§ Work instructions
For this exercise, output the entries below exactly from the line that holds "Roasted carrots on a brown paper with a dip" to the line that holds "I think it's", both ends included. No pictures belong in the copy.

§ Stored data
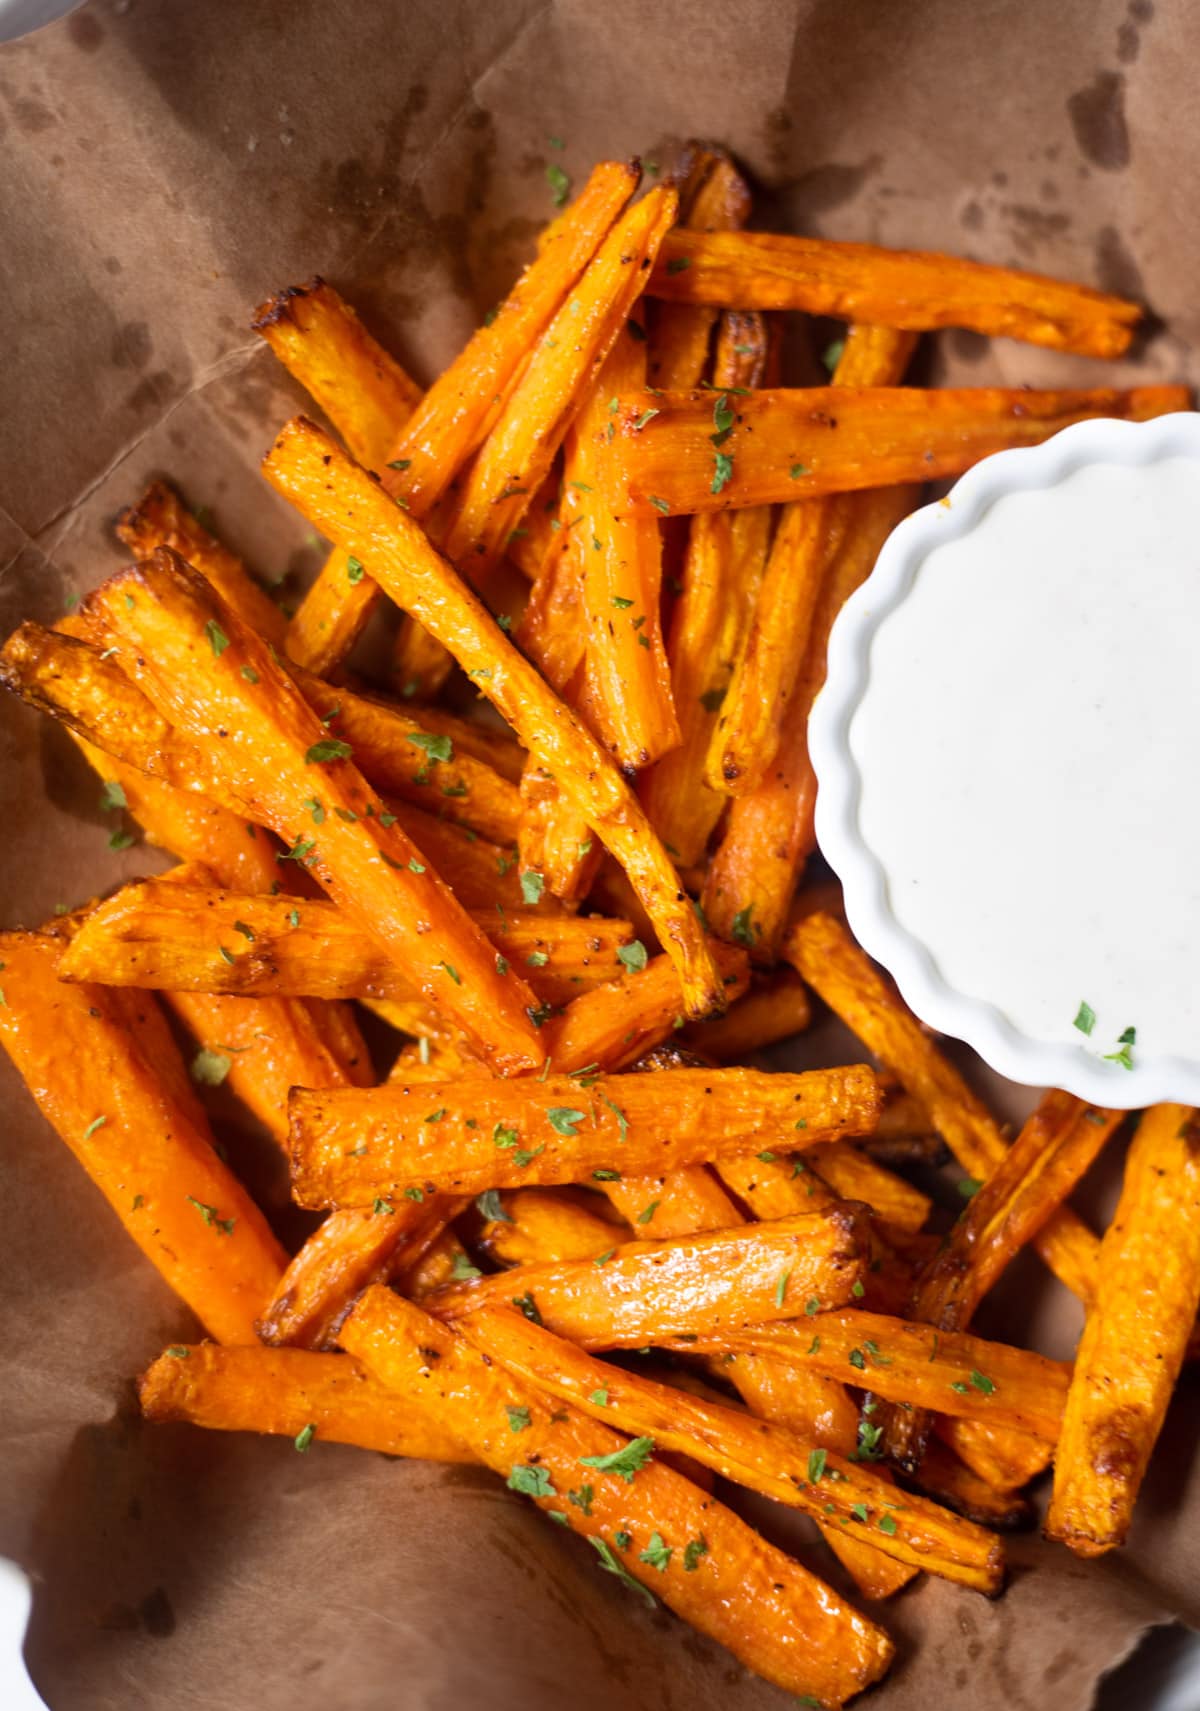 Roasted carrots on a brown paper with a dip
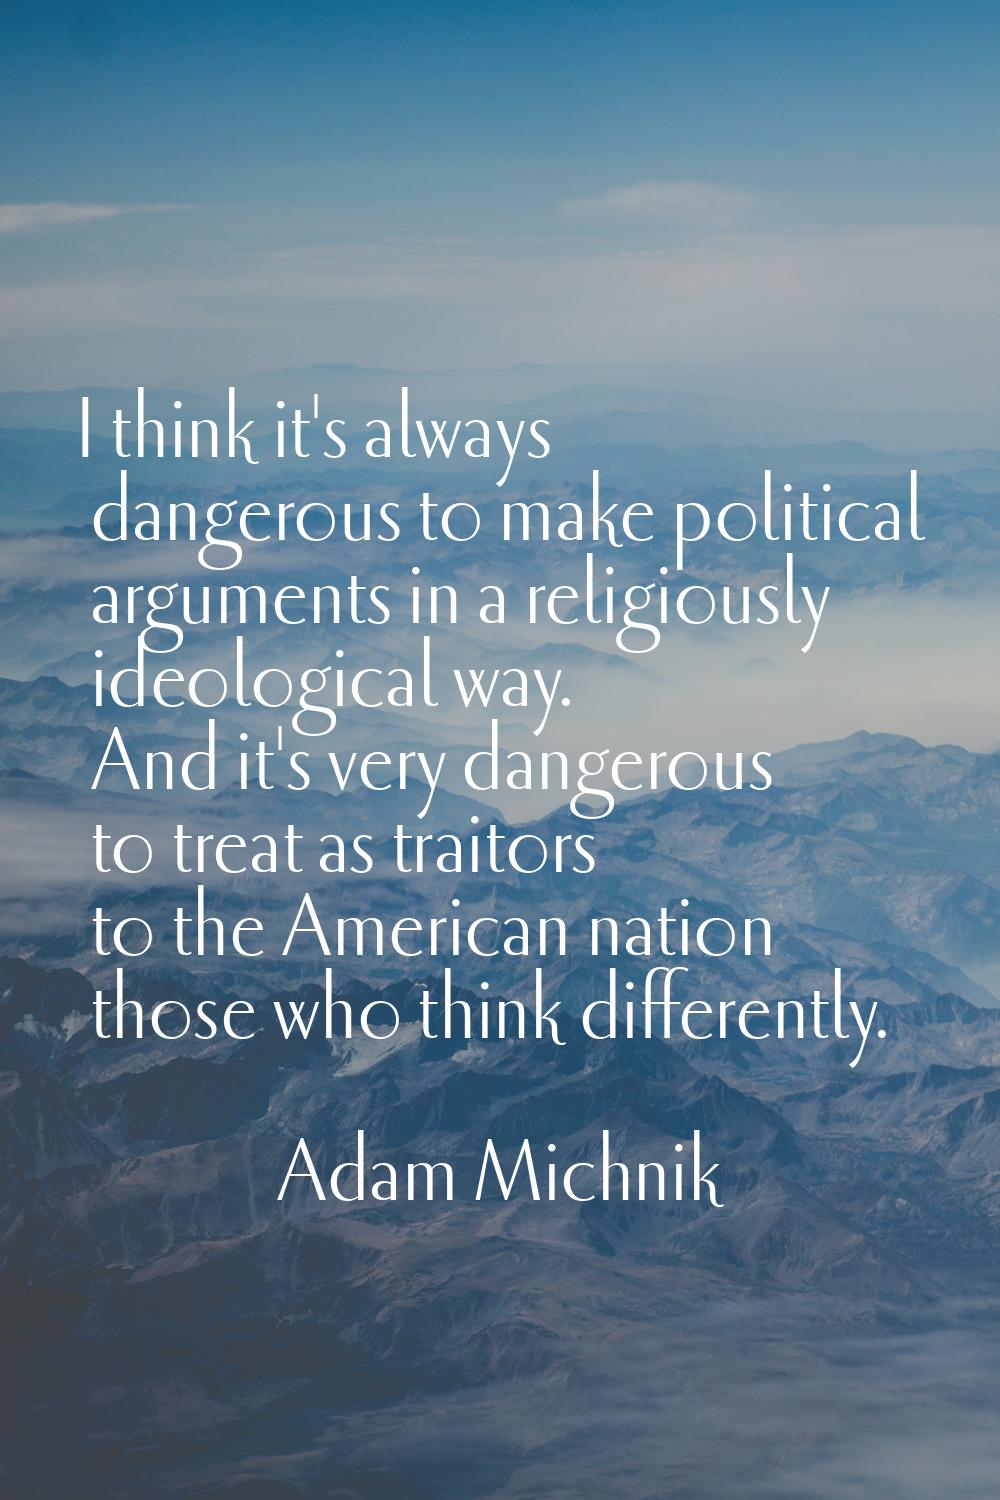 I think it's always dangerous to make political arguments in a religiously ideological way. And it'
* * *
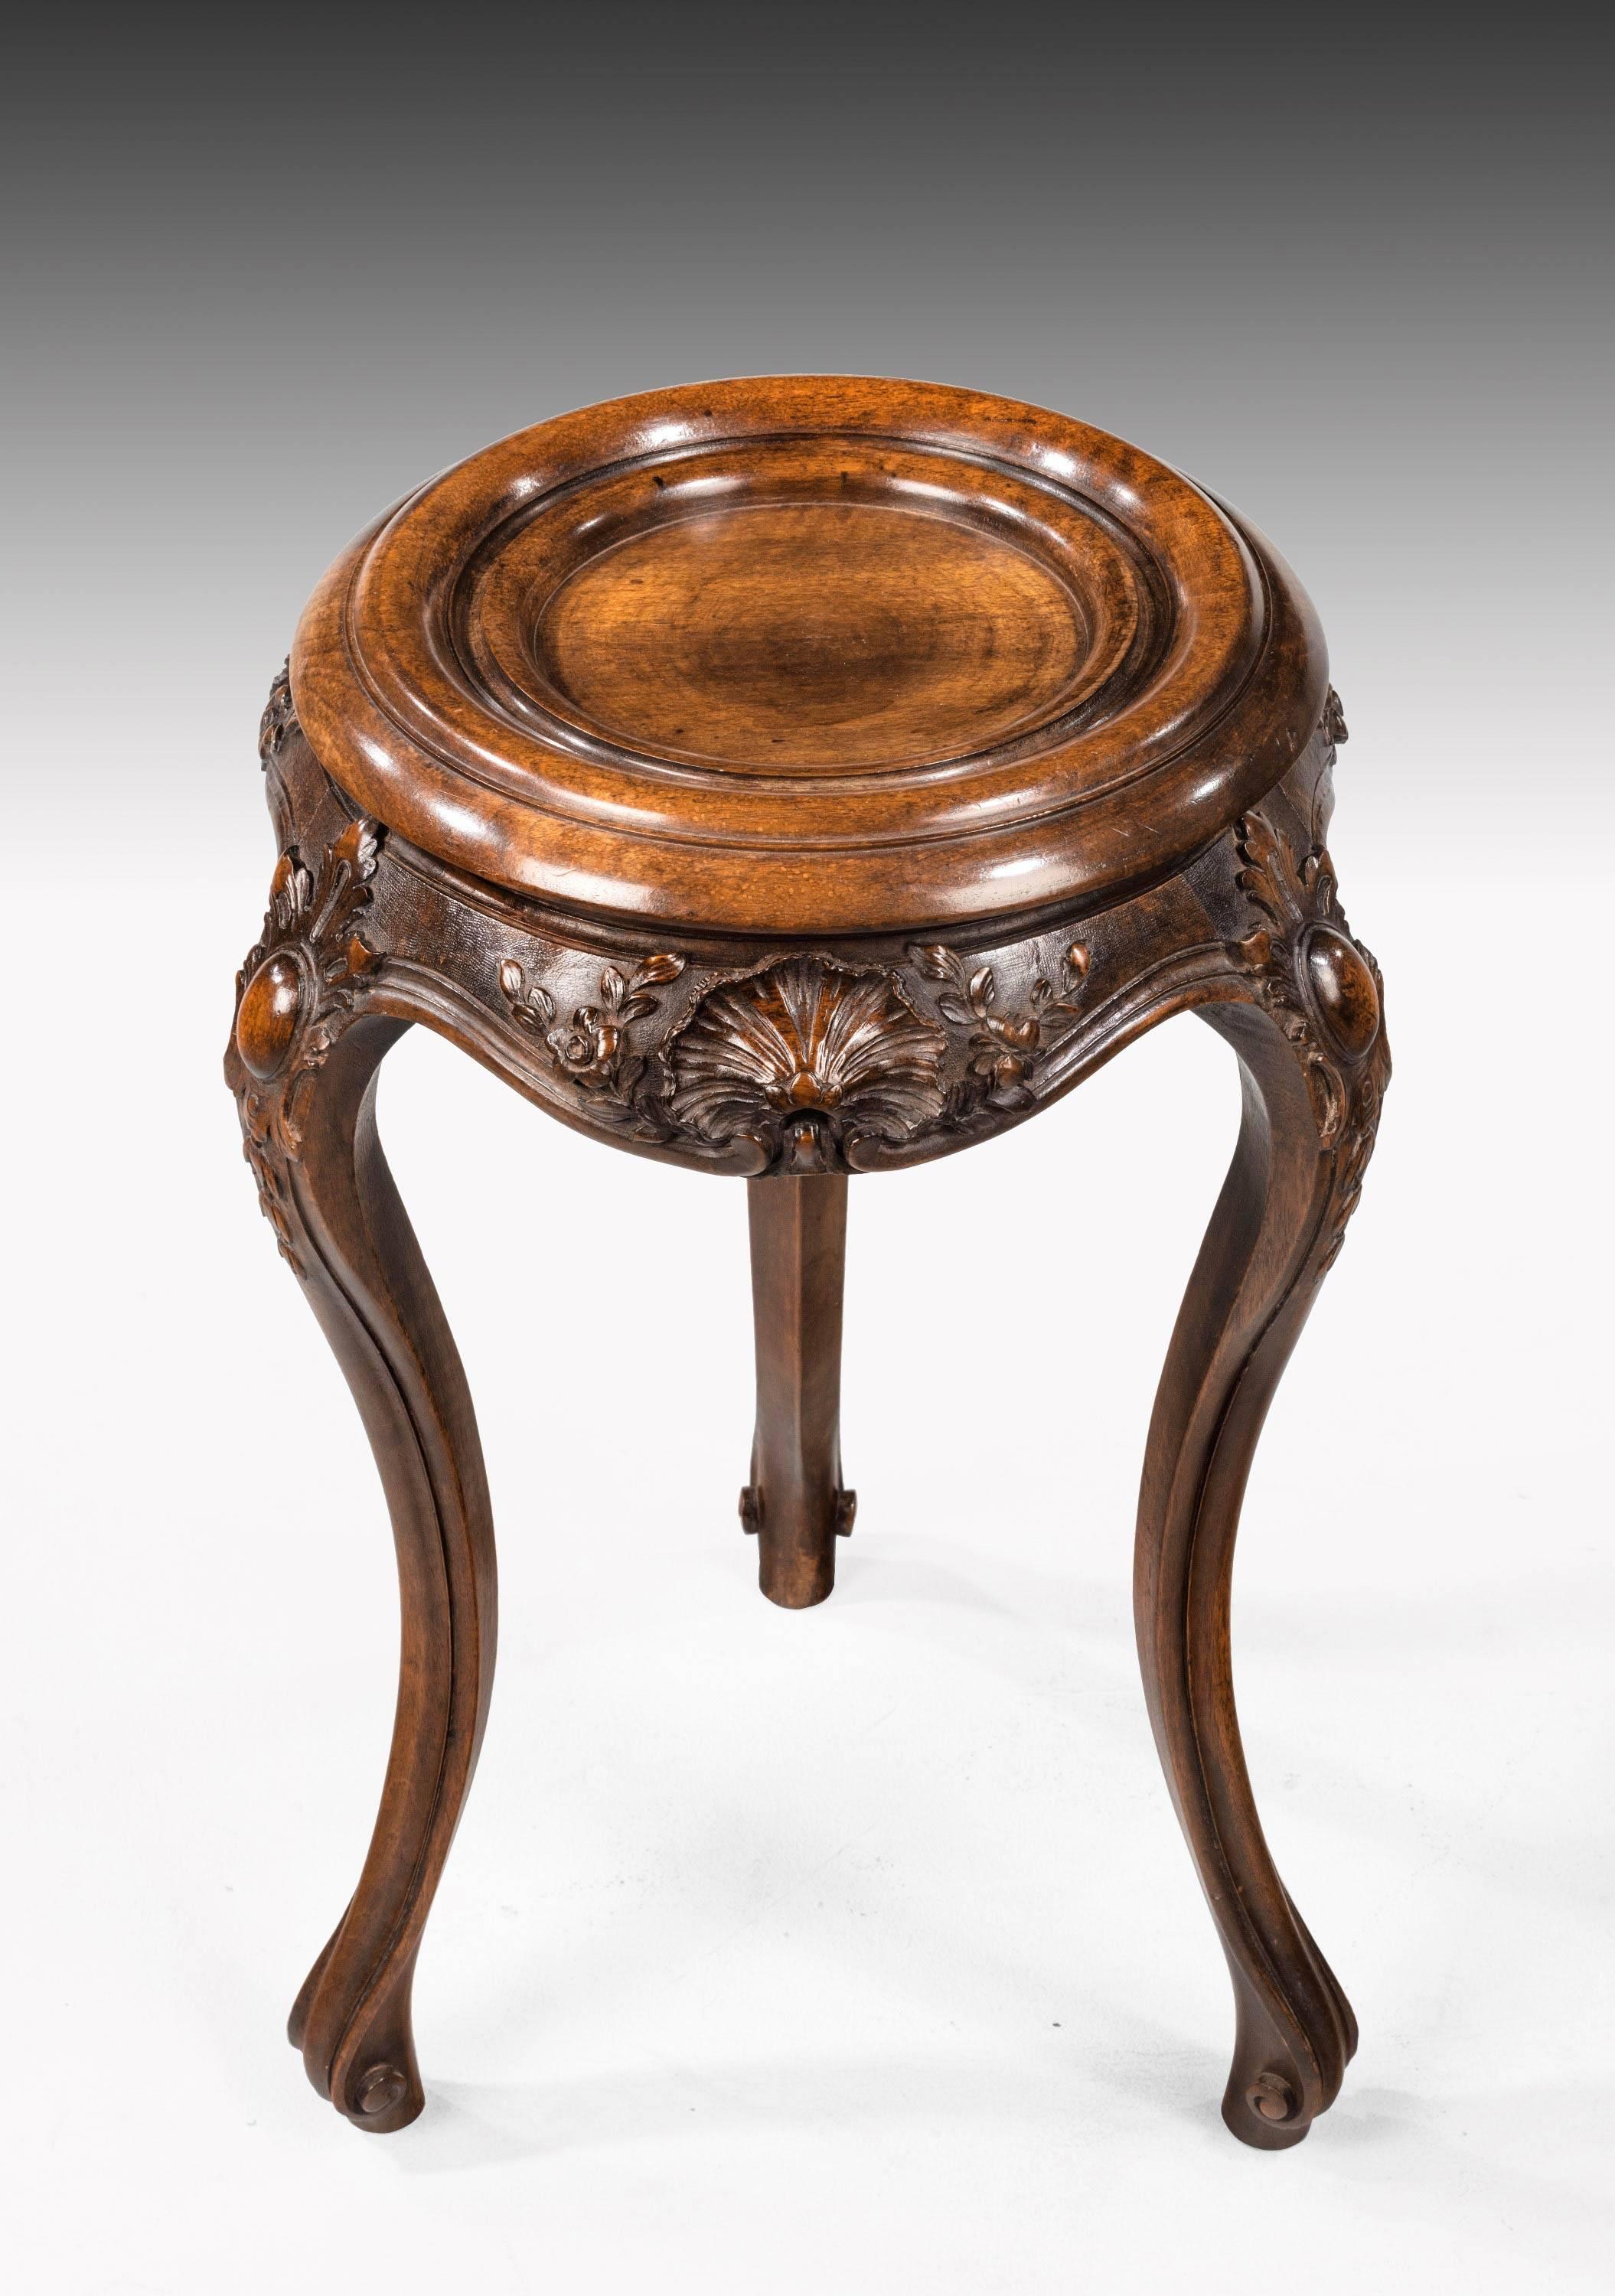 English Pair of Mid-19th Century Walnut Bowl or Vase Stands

§ Response
 Roasted carrots on a brown paper with a dip
 I think it's always dangerous to make political arguments in a religiously ideological way. And it'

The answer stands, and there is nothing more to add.